После этого Старк решил оставить транспорты с сухопутными частями в Гензане, поручив командование ими Безуару. Сам же он с остатками флотилии стал готовиться к уходу. Перед уходом из Гензана Старк произвел распределение кораблей по дивизионам:

1-й дивизион: «Байкал», «Свирь», «Батарея», «Магнит», «Взрыватель»;

2-й дивизион: «Илья Муромец», «Патрокл», «Улисс», «Диомид»;

3-й дивизион: «Лейтенант Дыдымов», «Фарватер», «Парис», «Аякс»;

4-й дивизион: «Страж», «Стрелок», «Резвый», «Ординарец», «Надежный».

20 ноября последовал приказ Старка об уходе из Гензана, и утром следующего дня флотилия вышла в Фузан. Японские конвоиры – два миноносца – следовали за флотилией. 23 ноября корабли благополучно прибыли в Фузан, где вновь повторилось то же, что и в Гензане. Японские власти встретили флотилию с присущими им вежливостью и предупредительностью, но съезд на берег разрешили лишь ограниченному числу лиц, и то по японским пропускам и под личную гарантию Старка, что никто из них не останется на берегу.
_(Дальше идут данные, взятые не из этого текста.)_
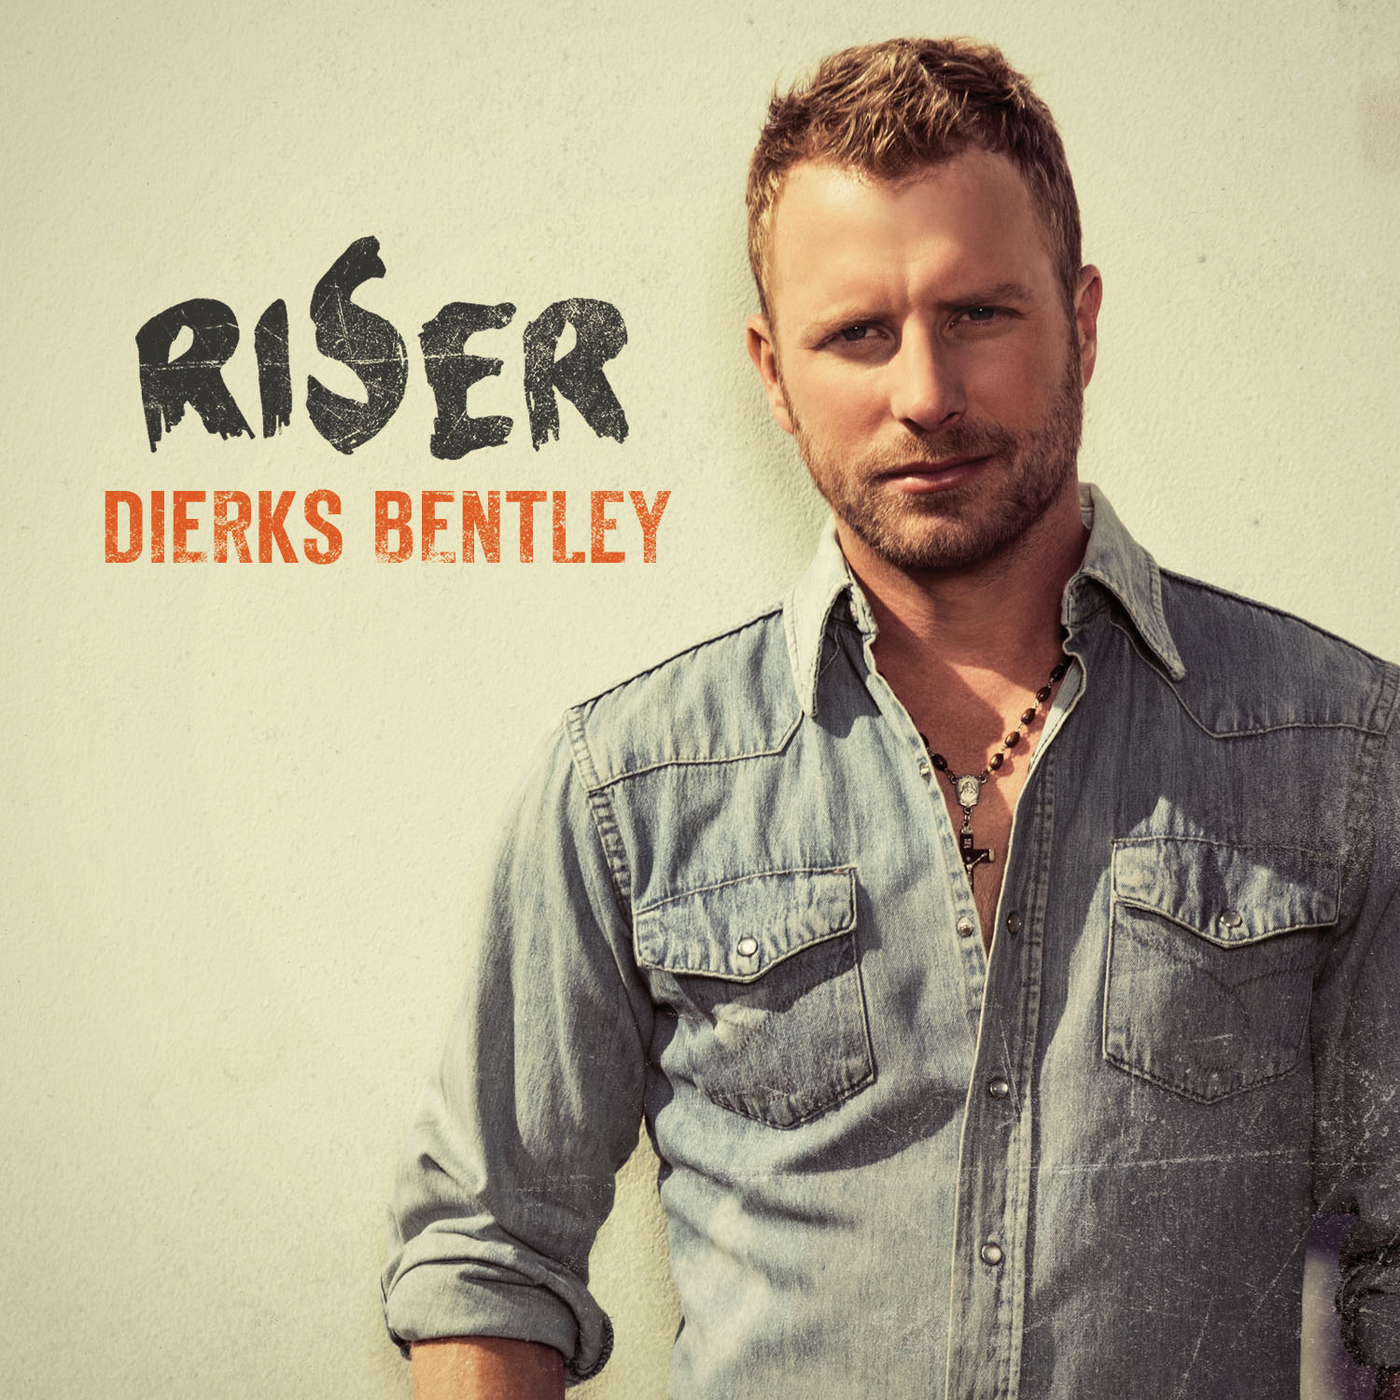 Listen Free to Dierks Bentley - Drunk On A Plane Radio | iHeartRadio
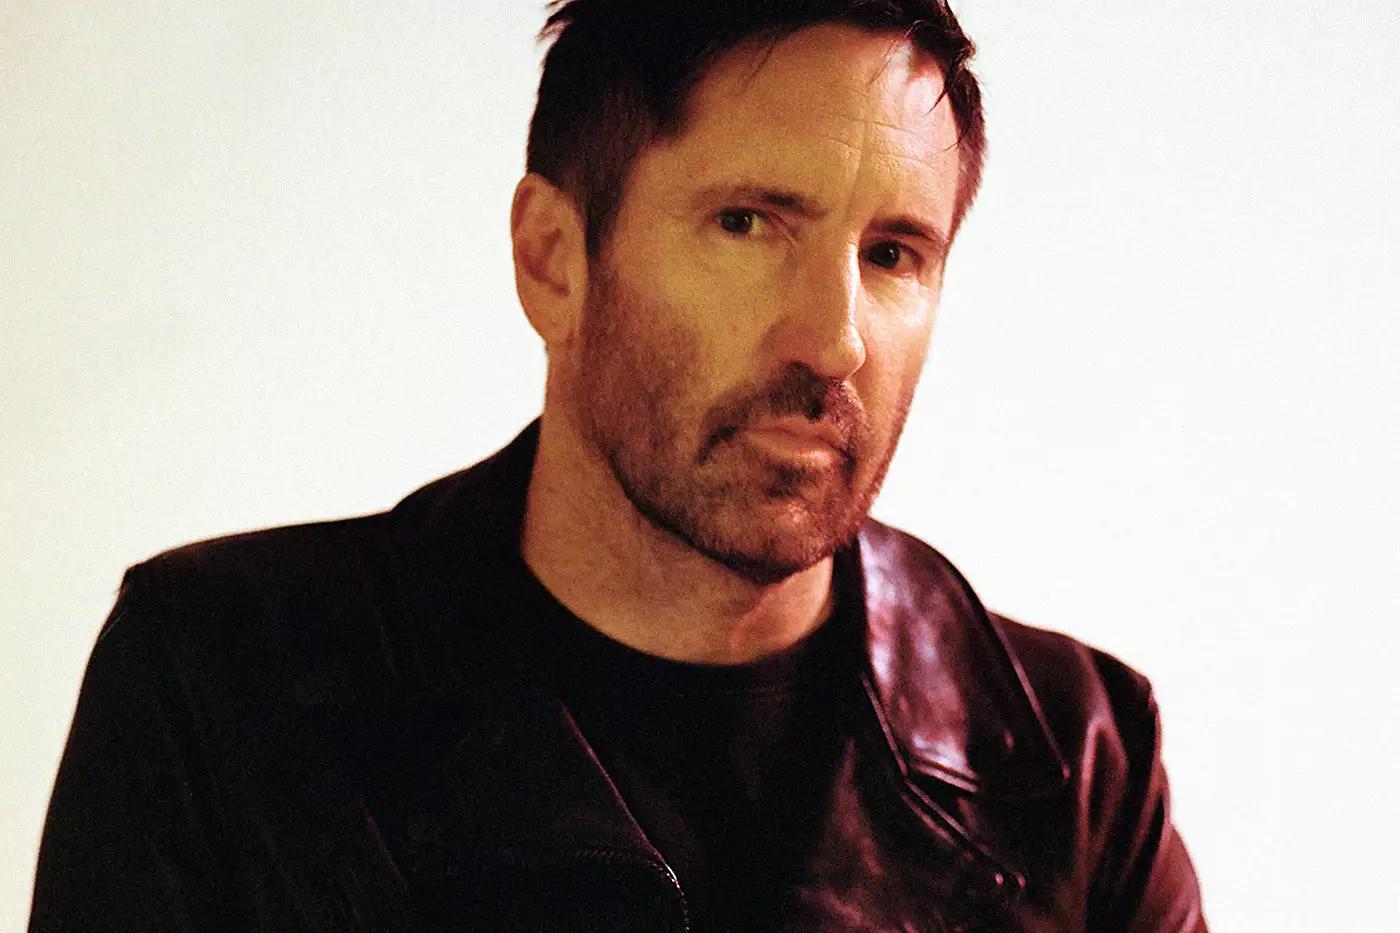 A photograph of Trent Reznor

После совещания с японскими властями было решено, что корабли покинут Фузан 2 декабря. Все поставки на флотилию угля и других материалов взяла на себя городская управа. Правда, уголь оказался самого плохого качества и по ценам выше, чем предлагали частные компании.

В Фузане к адмиралу Старку приезжал по поручению комиссара Военно-морских сил ДВР В. И. Зофа бывший сослуживец Георгия Карловича по крейсеру «Аврора» и Минной дивизии, капитан 2-го ранга Российского Императорского Флота В. А. Белли, которому было поручено провести переговоры с Командующим флотилией по вопросу возвращения кораблей обратно во Владивосток. При этом и самому Старку, и его подчиненным была обещана амнистия. Как вспоминал Белли, «Ю. К. Старк ответил мне приблизительно следующее: “Вы знаете, что я не служил ни одного дня у красных. С оружием в руках я воевал на стороне Колчака. Вы должны понять, что я не могу вернуться в Россию”». По воспоминаниям же Старка, он предложил своему собеседнику «немедленно покинуть Фузан во избежание плохих для него лично последствий».

С начала эвакуации и вплоть до ее окончания единственную поддержку Командующему флотилией оказывал русский морской агент (атташе) в Японии и Китае адмирал Б. П. Дудоров, находившийся в Токио. В беседах с американским послом в Японии он смог договориться о возможности принятия русских кораблей и беженцев в американском порту Манила на Филиппинах. В итоге, в Фузане адмирал Старк окончательно решил с большей частью кораблей идти в Манилу, сделав лишь один заход в Шанхай на несколько дней. Там он рассчитывал устроить на стоянку мелкие корабли и катера и уволить ту часть личного состава флотилии, которая хотела попасть именно в Шанхай.

Из Фузана в Шанхай вышло 16 кораблей. Утром 4 декабря, когда корабли находились в 150–180 милях от Шанхая, внезапно начался сильнейший шторм. Во время этого шторма погиб охранный крейсер «Лейтенант Дыдымов». Обстоятельства его гибели остаются до конца невыясненными. Сам Командующий флотилией писал следующее: «Последний раз его видел “Парис” на закате солнца 4 декабря. “Дыдымов” сильно штормовал, поворачивая то по волне, то против, не имея почти никакого хода. К несчастью, на “Парисе” был пробит волною машинный кожух, и он, сам находясь в критическом положении, не мог оказать помощи “Дыдымову” или даже держаться около него». На “Дыдымове” погиб командир 3-го дивизиона капитан 1-го ранга А. В. Соловьев, командир корабля старший лейтенант Б. И. Семенец, 9 офицеров, 3 гардемарина, 34 человека команды и 29 пассажиров (23 кадета Хабаровского и Омского корпусов и 6 женщин – членов семей офицеров). Не испытали шторма лишь канонерская лодка «Свирь» с катером «Резвый» на буксире. Вследствие малого хода «Свири» шторм застал ее у острова Квельпарт (Чечжудо), за которым она и отстоялась.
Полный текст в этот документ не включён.